Since the entries below must stay intact, return each one exactly.
※
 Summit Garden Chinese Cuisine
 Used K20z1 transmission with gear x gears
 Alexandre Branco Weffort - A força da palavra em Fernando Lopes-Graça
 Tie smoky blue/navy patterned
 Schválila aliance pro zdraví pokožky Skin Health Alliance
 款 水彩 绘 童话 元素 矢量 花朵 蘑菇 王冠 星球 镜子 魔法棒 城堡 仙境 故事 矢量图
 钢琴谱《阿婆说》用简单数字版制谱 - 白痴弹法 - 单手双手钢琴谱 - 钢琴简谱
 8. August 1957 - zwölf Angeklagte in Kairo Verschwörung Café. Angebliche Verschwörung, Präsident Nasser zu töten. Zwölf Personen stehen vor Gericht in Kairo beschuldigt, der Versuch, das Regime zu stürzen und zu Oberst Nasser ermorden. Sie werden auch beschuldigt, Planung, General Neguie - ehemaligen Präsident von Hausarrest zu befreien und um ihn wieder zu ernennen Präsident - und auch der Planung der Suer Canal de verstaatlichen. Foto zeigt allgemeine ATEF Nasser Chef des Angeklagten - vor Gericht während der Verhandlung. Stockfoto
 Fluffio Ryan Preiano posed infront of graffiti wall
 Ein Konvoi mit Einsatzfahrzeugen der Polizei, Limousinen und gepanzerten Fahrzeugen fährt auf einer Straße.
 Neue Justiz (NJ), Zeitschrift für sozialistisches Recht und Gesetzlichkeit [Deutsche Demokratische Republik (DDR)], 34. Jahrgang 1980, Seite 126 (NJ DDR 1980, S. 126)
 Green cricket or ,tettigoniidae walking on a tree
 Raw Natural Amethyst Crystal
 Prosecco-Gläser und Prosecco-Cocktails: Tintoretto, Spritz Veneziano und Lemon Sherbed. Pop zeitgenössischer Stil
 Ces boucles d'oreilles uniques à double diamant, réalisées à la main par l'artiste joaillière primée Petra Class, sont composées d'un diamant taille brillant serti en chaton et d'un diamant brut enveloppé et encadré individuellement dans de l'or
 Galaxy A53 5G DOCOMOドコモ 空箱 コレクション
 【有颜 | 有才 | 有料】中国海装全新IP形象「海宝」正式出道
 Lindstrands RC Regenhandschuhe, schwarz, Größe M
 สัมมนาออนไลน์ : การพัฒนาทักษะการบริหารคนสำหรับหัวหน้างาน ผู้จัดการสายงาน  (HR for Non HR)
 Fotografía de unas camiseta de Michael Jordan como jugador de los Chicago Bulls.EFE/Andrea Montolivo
※
(REPLY TO THE TASK):
 Summit Garden Chinese Cuisine
 Used K20z1 transmission with gear x gears
 Alexandre Branco Weffort - A força da palavra em Fernando Lopes-Graça
 Tie smoky blue/navy patterned
 Schválila aliance pro zdraví pokožky Skin Health Alliance
 款 水彩 绘 童话 元素 矢量 花朵 蘑菇 王冠 星球 镜子 魔法棒 城堡 仙境 故事 矢量图
 钢琴谱《阿婆说》用简单数字版制谱 - 白痴弹法 - 单手双手钢琴谱 - 钢琴简谱
 8. August 1957 - zwölf Angeklagte in Kairo Verschwörung Café. Angebliche Verschwörung, Präsident Nasser zu töten. Zwölf Personen stehen vor Gericht in Kairo beschuldigt, der Versuch, das Regime zu stürzen und zu Oberst Nasser ermorden. Sie werden auch beschuldigt, Planung, General Neguie - ehemaligen Präsident von Hausarrest zu befreien und um ihn wieder zu ernennen Präsident - und auch der Planung der Suer Canal de verstaatlichen. Foto zeigt allgemeine ATEF Nasser Chef des Angeklagten - vor Gericht während der Verhandlung. Stockfoto
 Fluffio Ryan Preiano posed infront of graffiti wall
 Ein Konvoi mit Einsatzfahrzeugen der Polizei, Limousinen und gepanzerten Fahrzeugen fährt auf einer Straße.
 Neue Justiz (NJ), Zeitschrift für sozialistisches Recht und Gesetzlichkeit [Deutsche Demokratische Republik (DDR)], 34. Jahrgang 1980, Seite 126 (NJ DDR 1980, S. 126)
 Green cricket or ,tettigoniidae walking on a tree
 Raw Natural Amethyst Crystal
 Prosecco-Gläser und Prosecco-Cocktails: Tintoretto, Spritz Veneziano und Lemon Sherbed. Pop zeitgenössischer Stil
 Ces boucles d'oreilles uniques à double diamant, réalisées à la main par l'artiste joaillière primée Petra Class, sont composées d'un diamant taille brillant serti en chaton et d'un diamant brut enveloppé et encadré individuellement dans de l'or
 Galaxy A53 5G DOCOMOドコモ 空箱 コレクション
 【有颜 | 有才 | 有料】中国海装全新IP形象「海宝」正式出道
 Lindstrands RC Regenhandschuhe, schwarz, Größe M
 สัมมนาออนไลน์ : การพัฒนาทักษะการบริหารคนสำหรับหัวหน้างาน ผู้จัดการสายงาน  (HR for Non HR)
 Fotografía de unas camiseta de Michael Jordan como jugador de los Chicago Bulls.EFE/Andrea Montolivo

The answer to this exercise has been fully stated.